# I am blessed with this little pond in my back yard



## richg99 (Feb 21, 2016)

I am blessed with this little pond in my back yard.

This morning, I tied on a floating lizard. Dragged it next to my kayak, which floats in the corner of the pond 24/7. 

BANG...this bruiser came slamming out to inhale it. All of this happened on one cast, and nearly scared me. I was standing about three feet from the bow of the yak.

Great way to start a morning. richg99


----------



## Stumpalump (Feb 21, 2016)

Ha ha. Nice job! Reminds me of a rainbow I cought on a tiny pond in S.Colorado. I waked down to a pond and dug up a worm expecting nothing. Biggest rainbow I ever saw in my life scared the living crap out of me as soon as the worm hit. They are so fragile that they die easy but he came in calm and I was able to get the hook out without grabbing him or pulling him out of the water.

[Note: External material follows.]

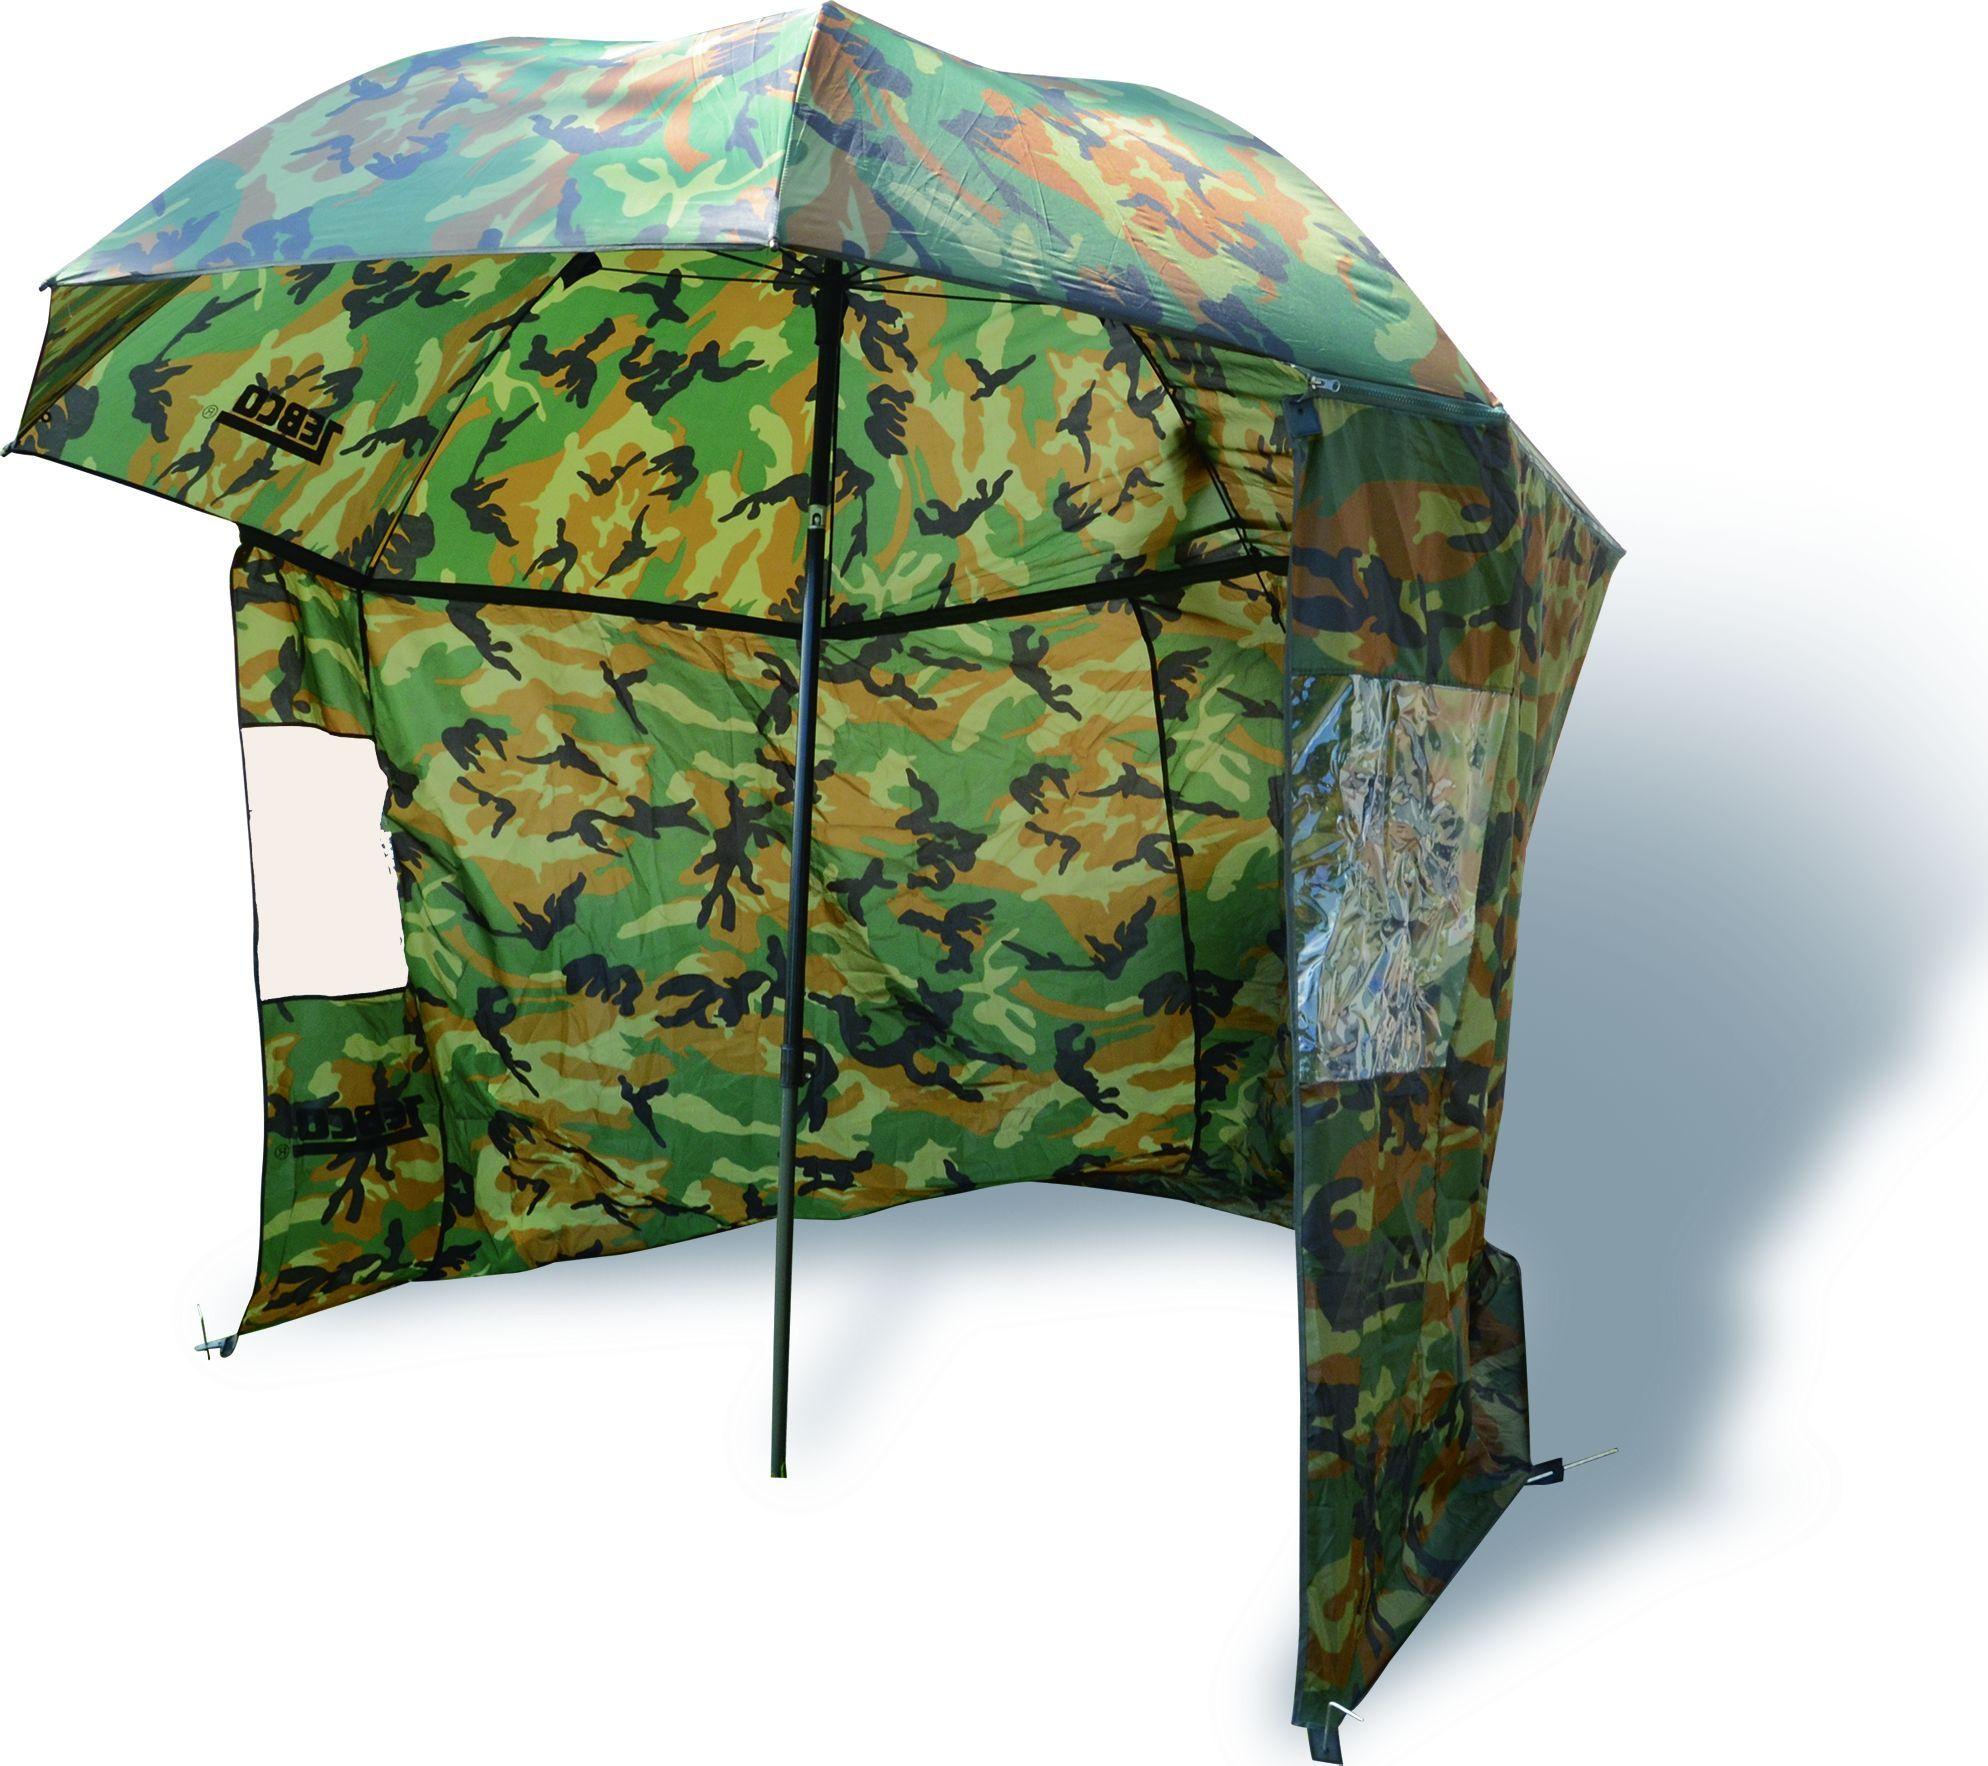 Zebco Umbrella with sides Camu Ø2,20m (9974253) Lietussargs

Funny how well you remember the good ones!


----------



## richg99 (Feb 21, 2016)

Didn't realize the pix wasn't attached.


----------



## Fishfreek (Feb 23, 2016)

Definitely a great way to star the day.


----------



## shamoo (Mar 12, 2016)

Richg, Nice one bud =D>


----------



## LDUBS (Aug 31, 2016)

I read this three times just to make sure I understood -- this is in your back yard!! Well done.


----------



## Jim (Sep 1, 2016)

Nice!


----------